The reply should reproduce every line of the data below word for word, minus any images.

[Data excerpts]

::::::::::

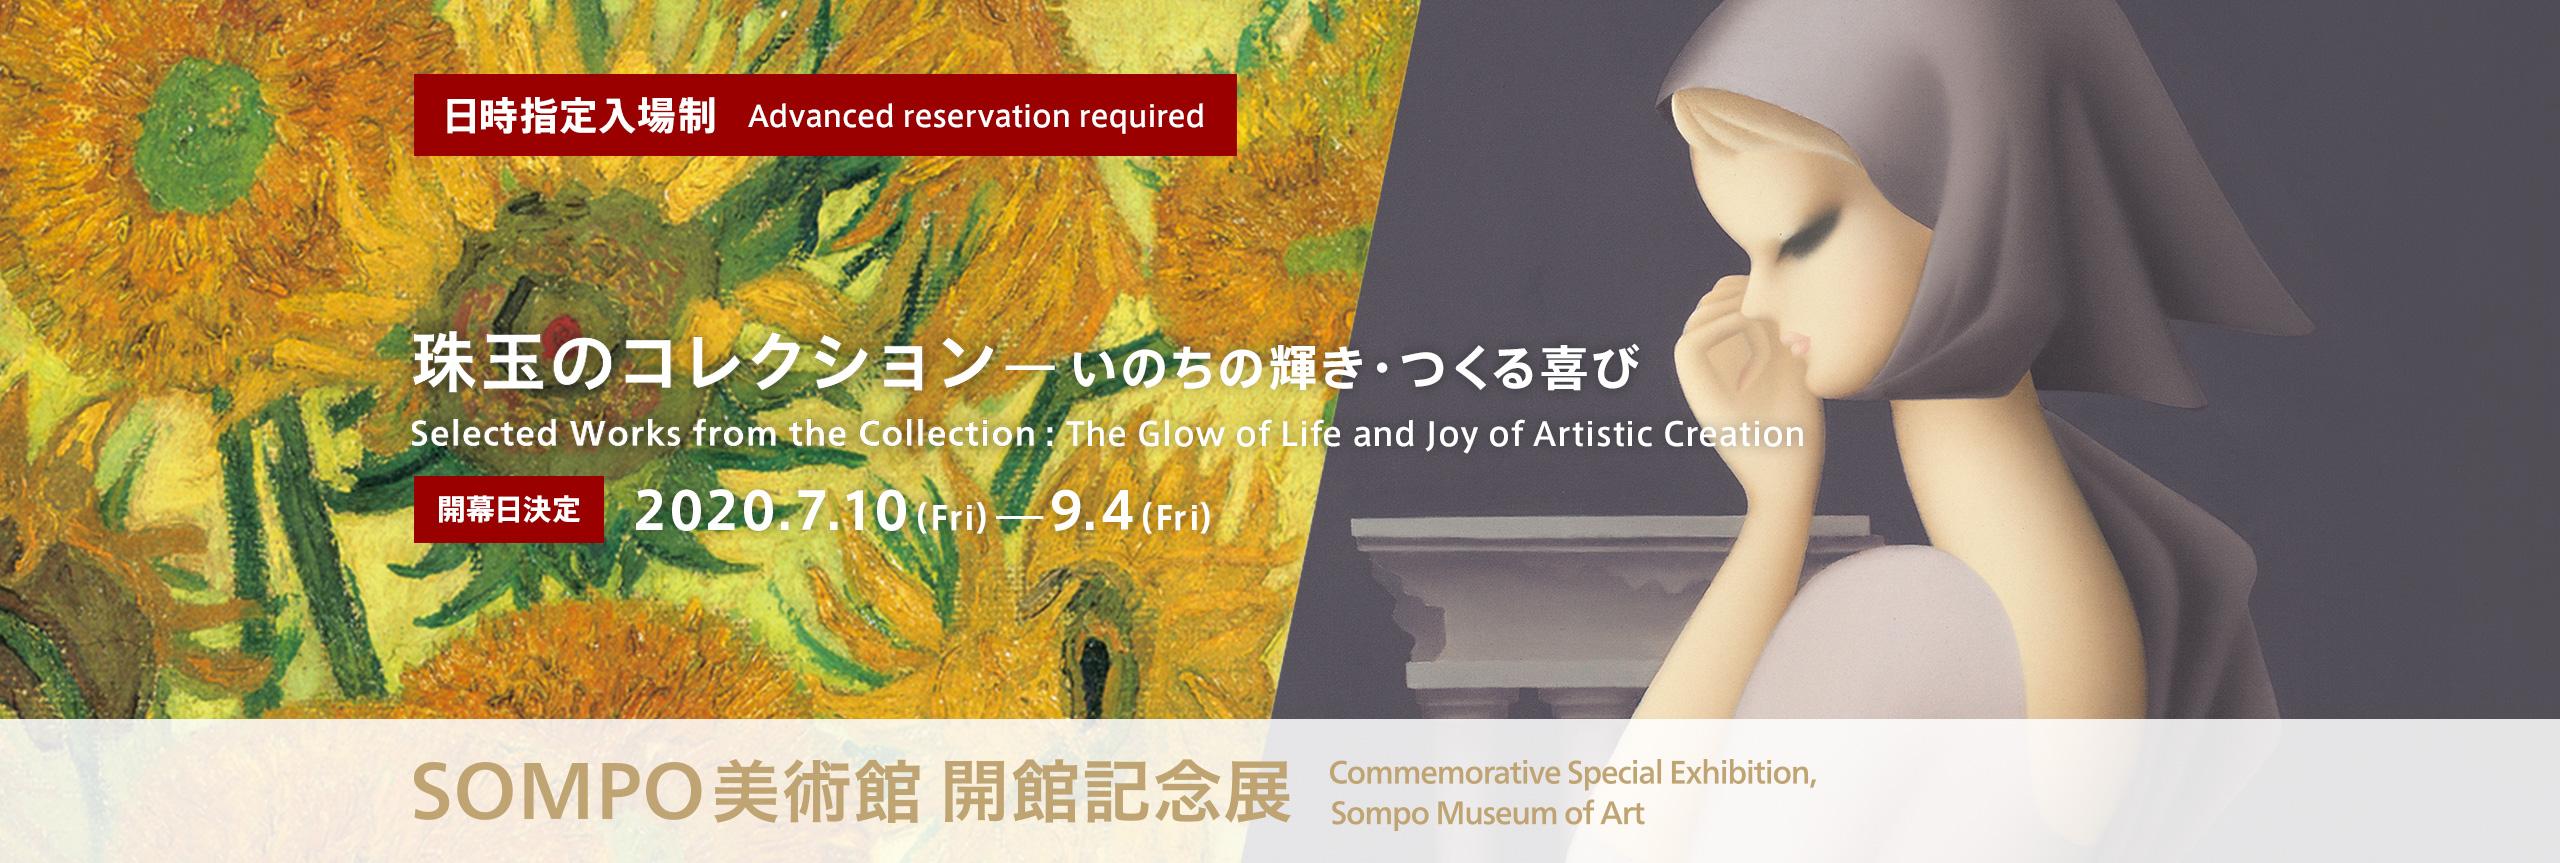 Commemorative Special Exhibition.
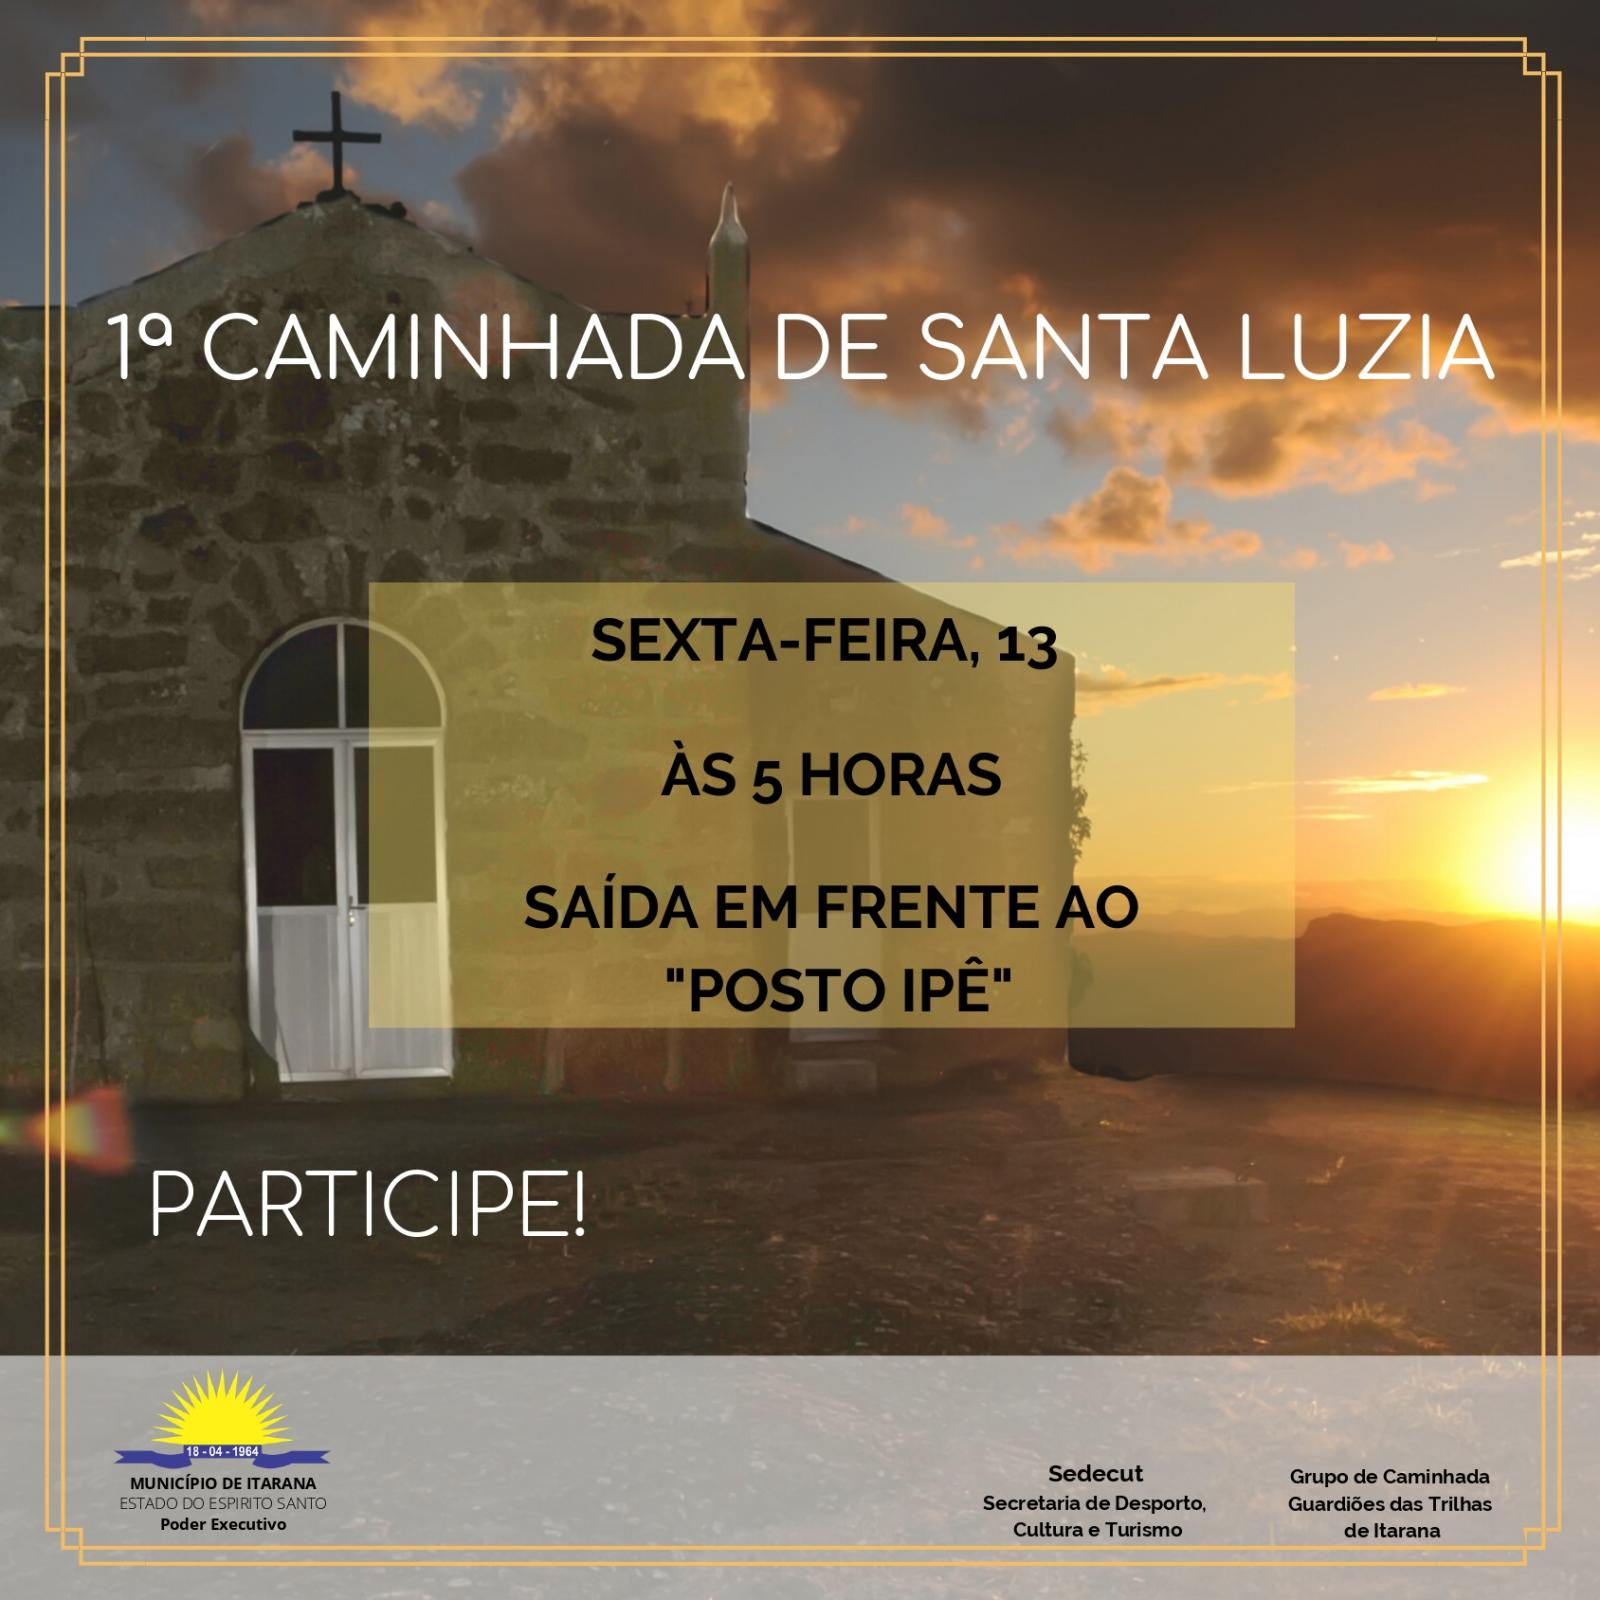 Caminhada à Capela de Santa Luzia pretende impulsionar o turismo de Itarana na próxima sexta-feira
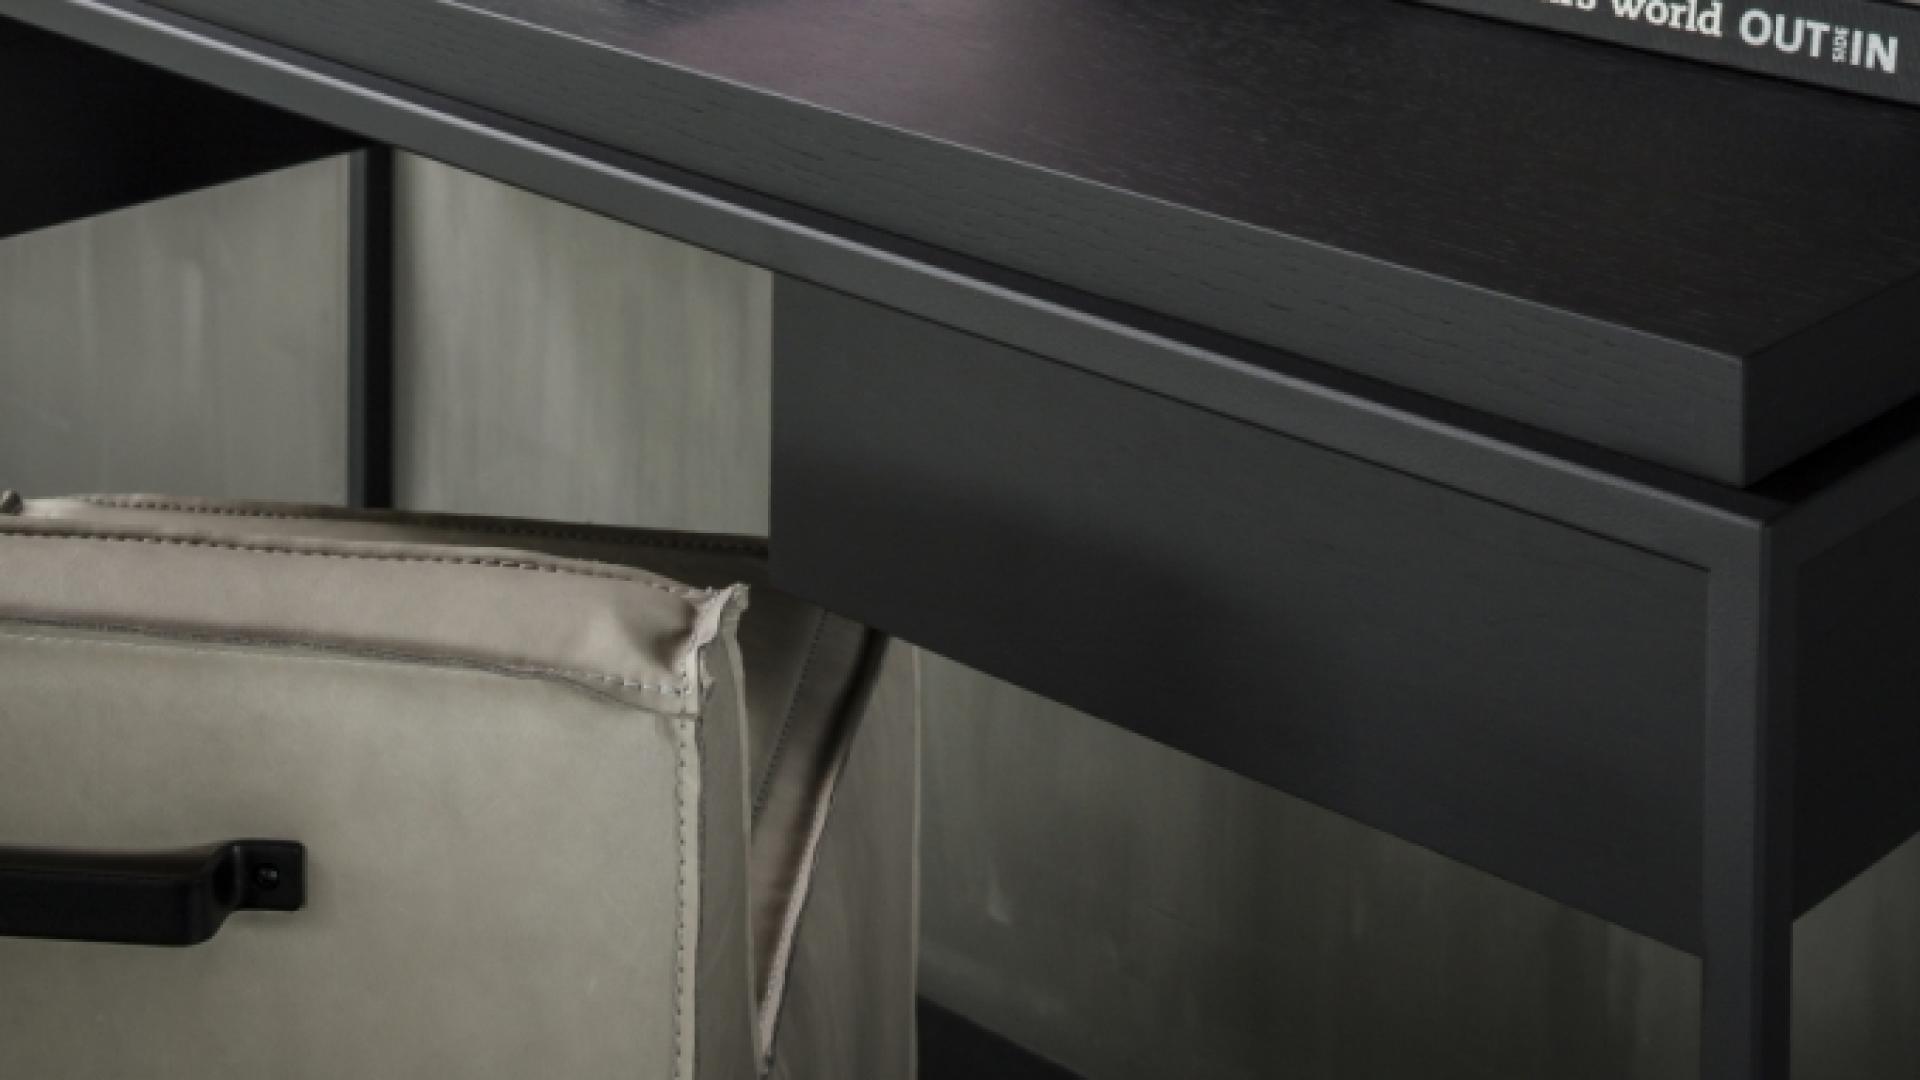 Nilson_Beds_Menton_desk_detail.jpg
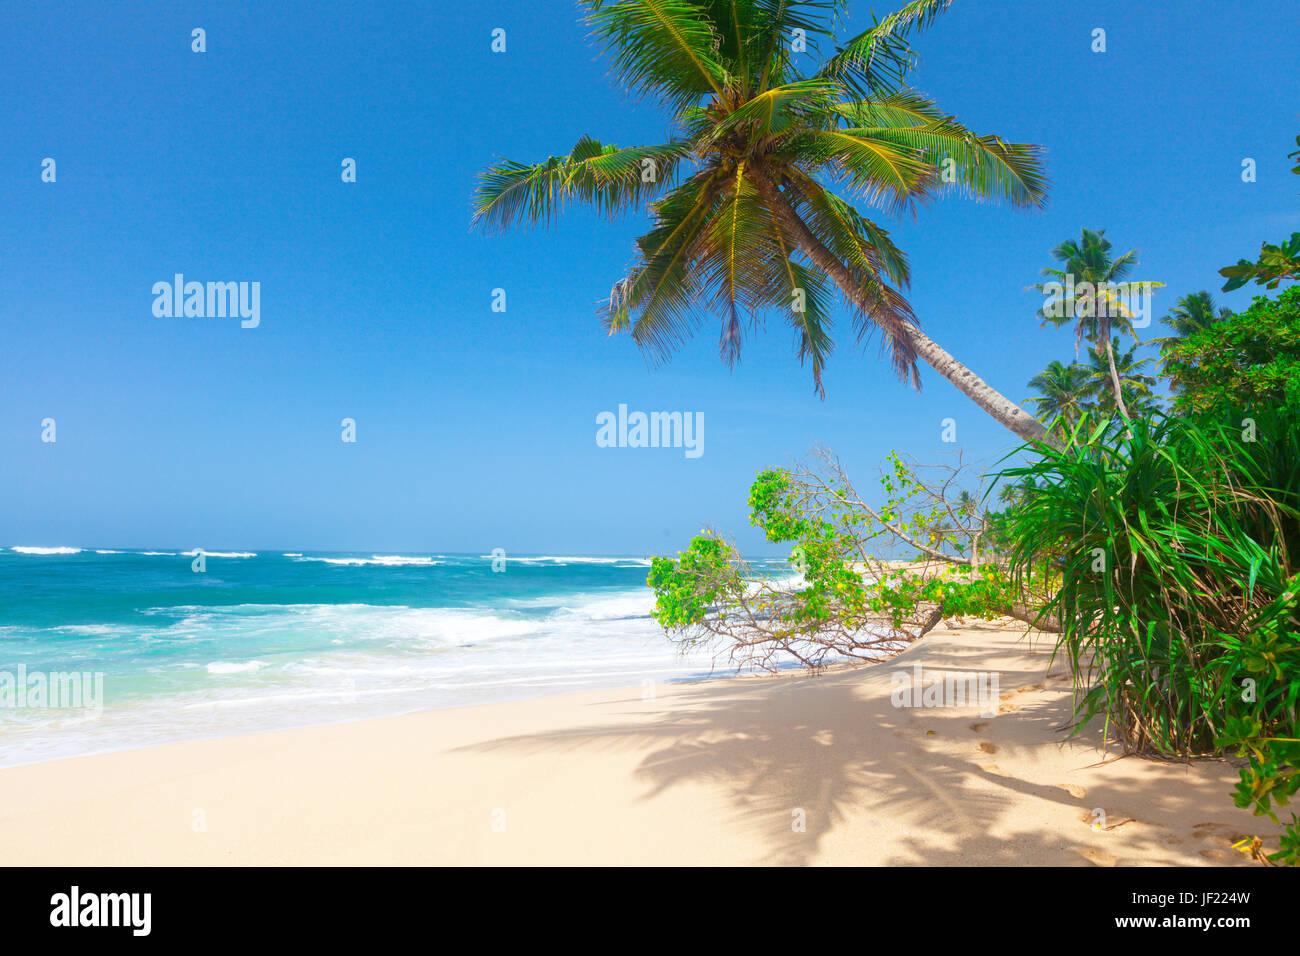 Playa tropical con palmeras de coco Imagen De Stock
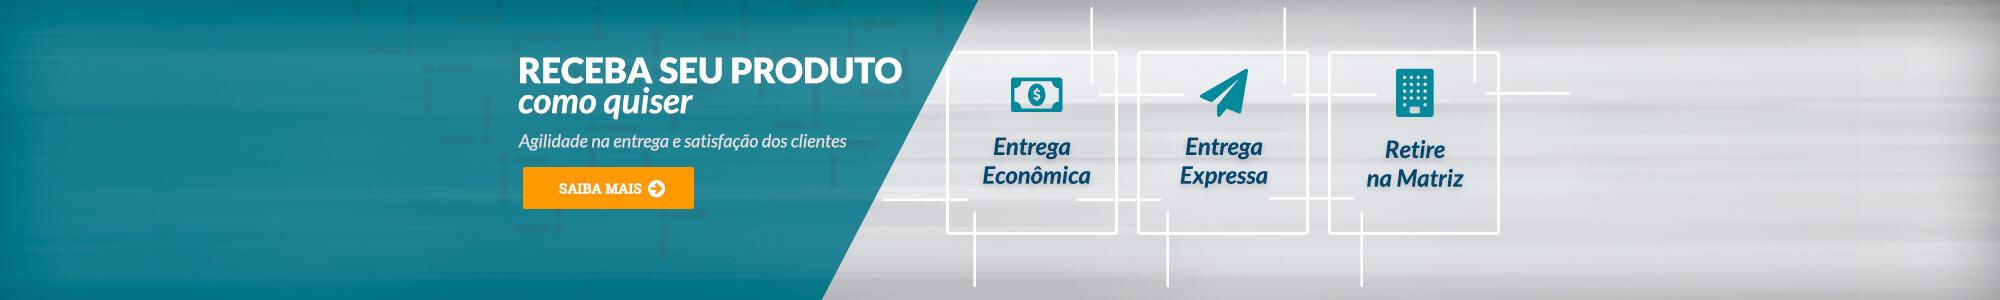 Banner Formas de Entrega

::::::::::

- [WRITTEN RESPONSE]
 Commemorative Special Exhibition.
 Caminhada à Capela de Santa Luzia pretende impulsionar o turismo de Itarana na próxima sexta-feira
 Nilson_Beds_Menton_desk_detail.jpg
 Playa tropical con palmeras de coco Imagen De Stock
 Banner Formas de Entrega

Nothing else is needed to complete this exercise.